*** DATASET CONTENT Section Begins ***

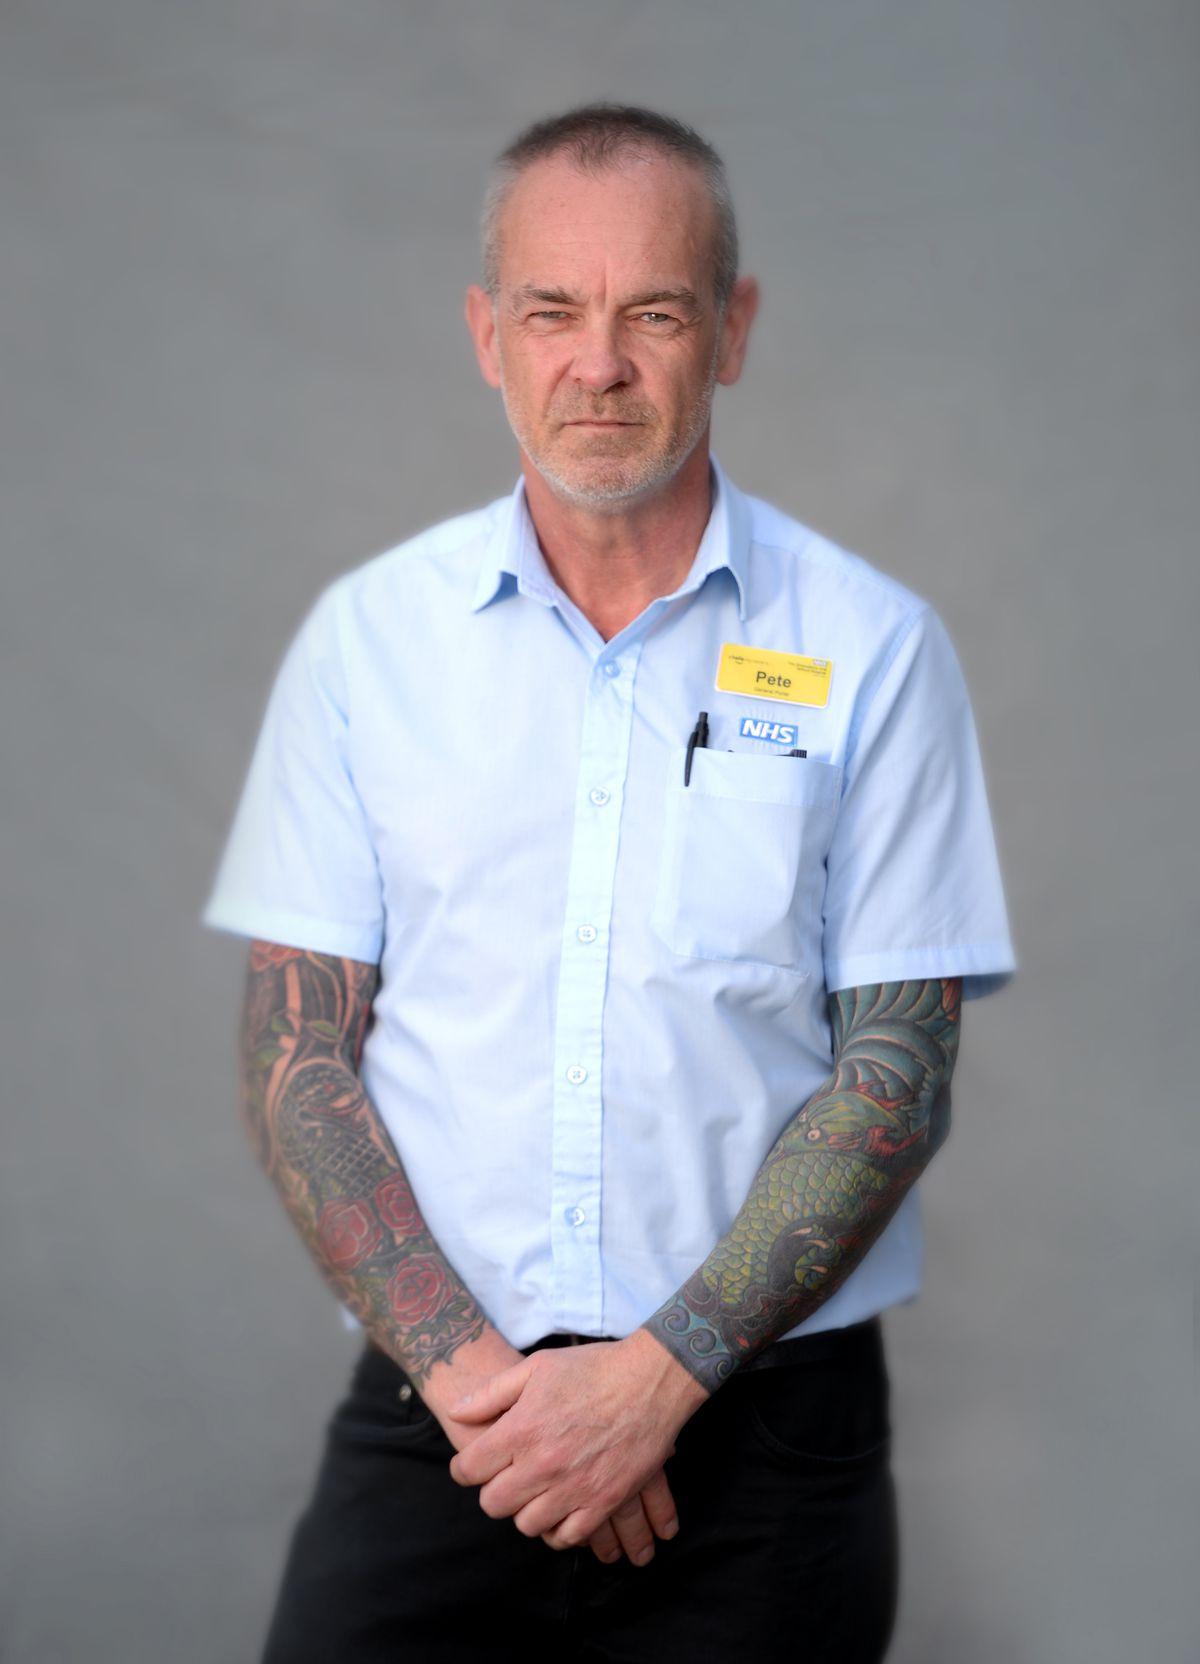 Pete Morris, porter
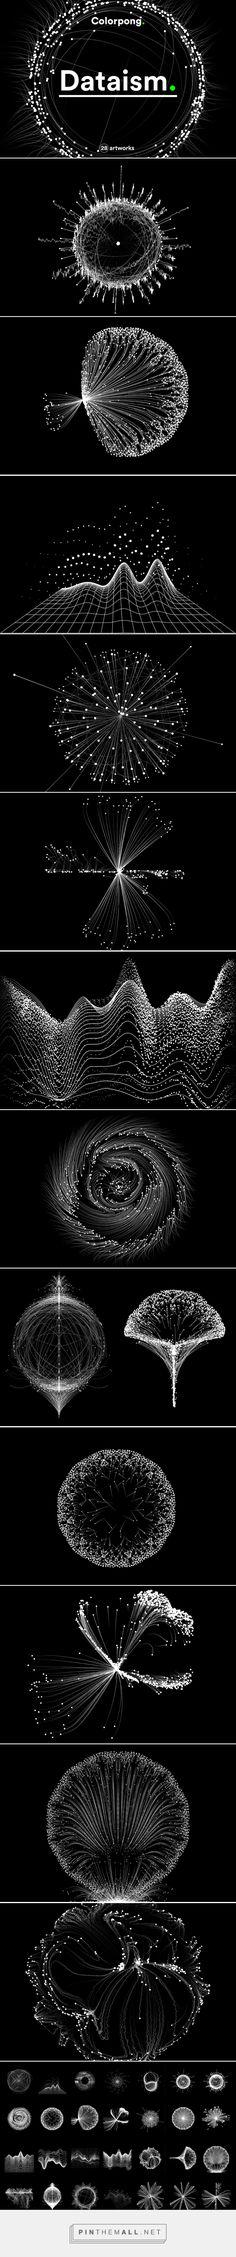 Dataism - Graphics - YouWorkForThem
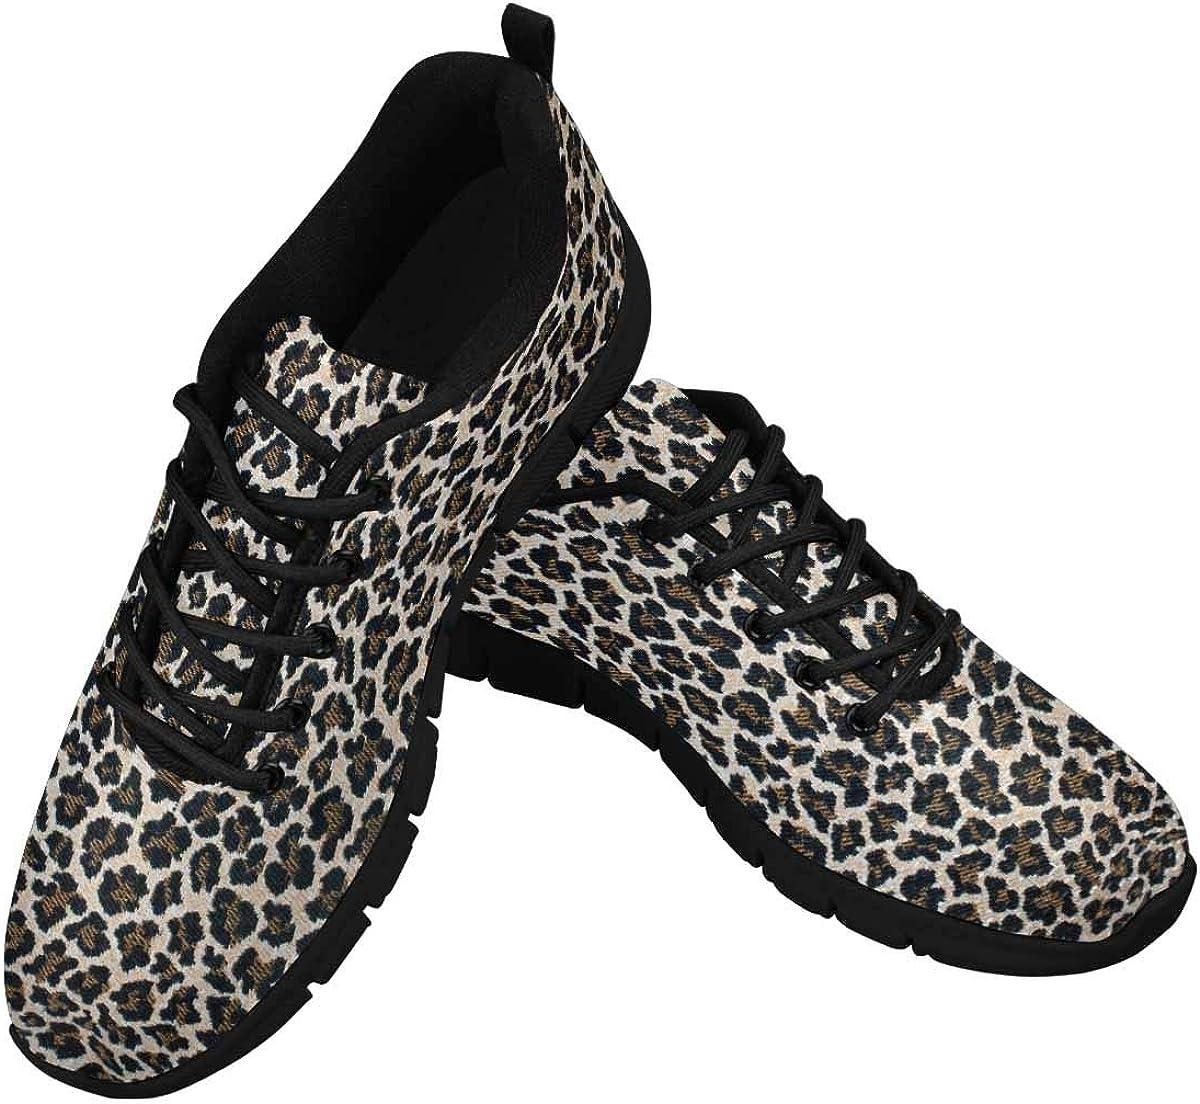 INTERESTPRINT Leopard Background Lightweight Mesh Breathable Sneakers for Women
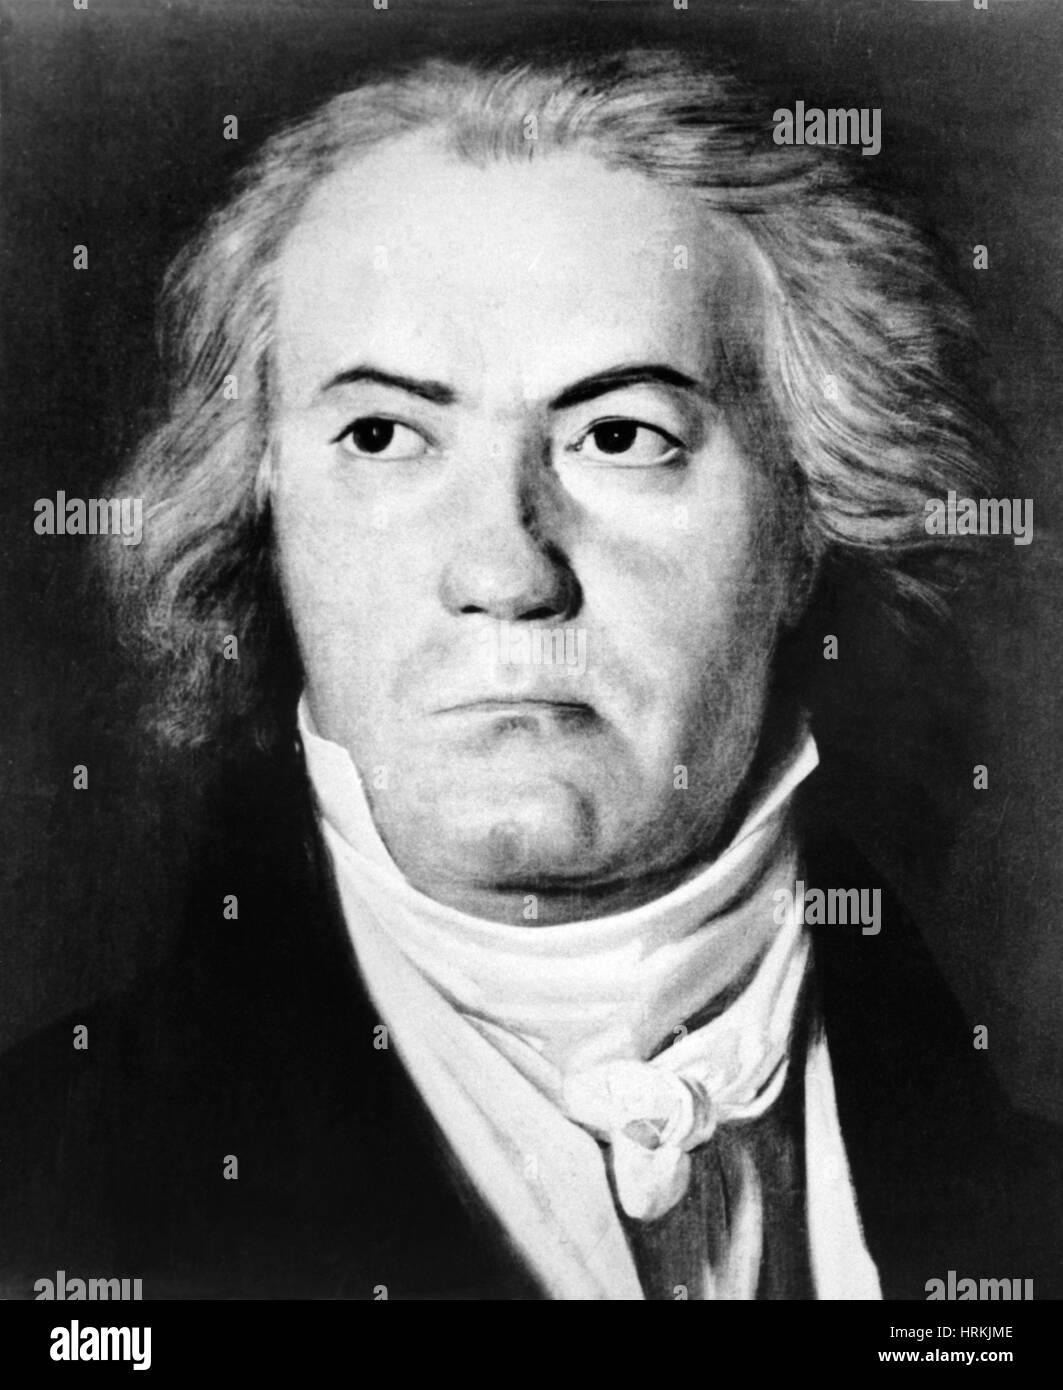 Ludwig van Beethoven, German Composer - Stock Image

*** DATASET CONTENT Section Ends ***

Output the data above exactly. Drop every picture.

> _SOLUTION TO THE PROBLEM_:
 Pete Morris, porter
 Dataism - Graphics - YouWorkForThem
 INTERESTPRINT Leopard Background Lightweight Mesh Breathable Sneakers for Women
 Ludwig van Beethoven, German Composer - Stock Image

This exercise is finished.